Get specific (2008) - duck
https://sivers.org/get-specific
======
sivers
No need for the (2008) thing in the title. This is actually a new article from
February 2018. I had an old post there, but completely re-wrote it last week,
keeping only the title and URL.

Thought you guys might like a programming example that I edited out of the
article:

Back in 2004, I wanted to be a great Ruby programmer. I had dabbled, but
wanted to accelerate my learning to the expert level.

So I called Tony Robbins' company, and signed up for a personal coach. We had
a phone call once per week, to help me stay on track achieve my goals.

On the very first call, when I said I wanted to be a great Ruby programmer, he
asked, “What does that look like? How will you know you're great?”

Whoa. Hmm. I had never actually defined it. He was waiting for an answer, so I
picked something.

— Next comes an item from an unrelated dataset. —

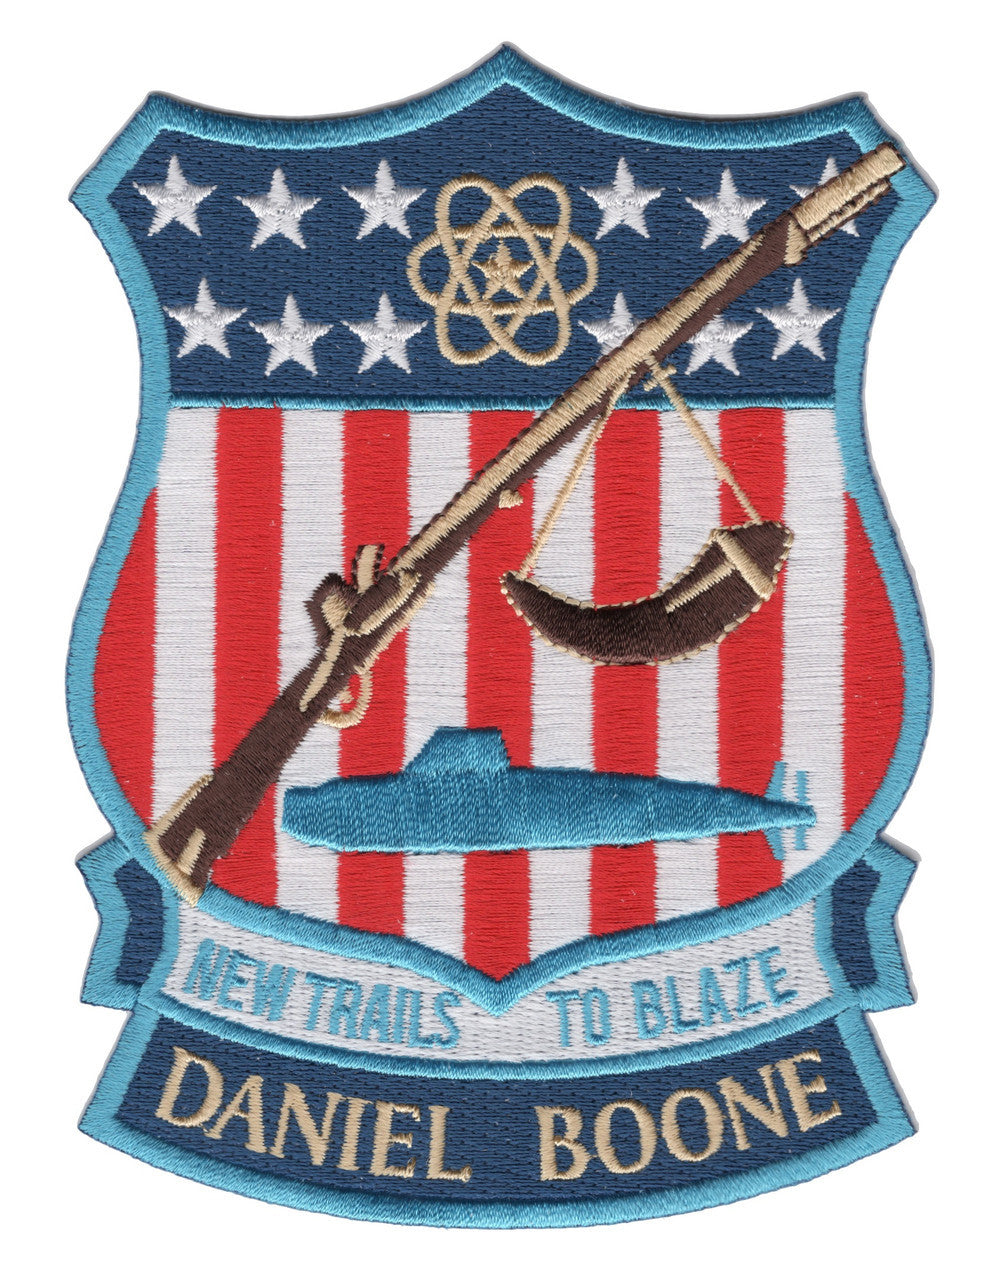 USS DANIEL BOONE SSBN 629 PATCH

I said, “If I have read all of these six Ruby books,
completed all of the exercises in them, and memorized what I've learned.”

He said, “How many chapters in all?” So he had me go add up the total numbers
of chapters across all six books.

Then he had me predict how many chapters I could do per week. I said 6.

Then he said, “OK so now you've got your plan. One chapter per day, six days
per week, including doing the exercises, saving what you've learned in flash
cards and quizzing yourself later, and in 12 weeks you'll be a great Ruby
programmer, by this definition. If by then you don't feel great, we'll pick a
new goal.”

And just like that - a year of vague procrastination was now a specific list
of goals to be achieved each day. It helped me more than anything.

It's tough to talk about because it sounds so simple, but man, it's effective!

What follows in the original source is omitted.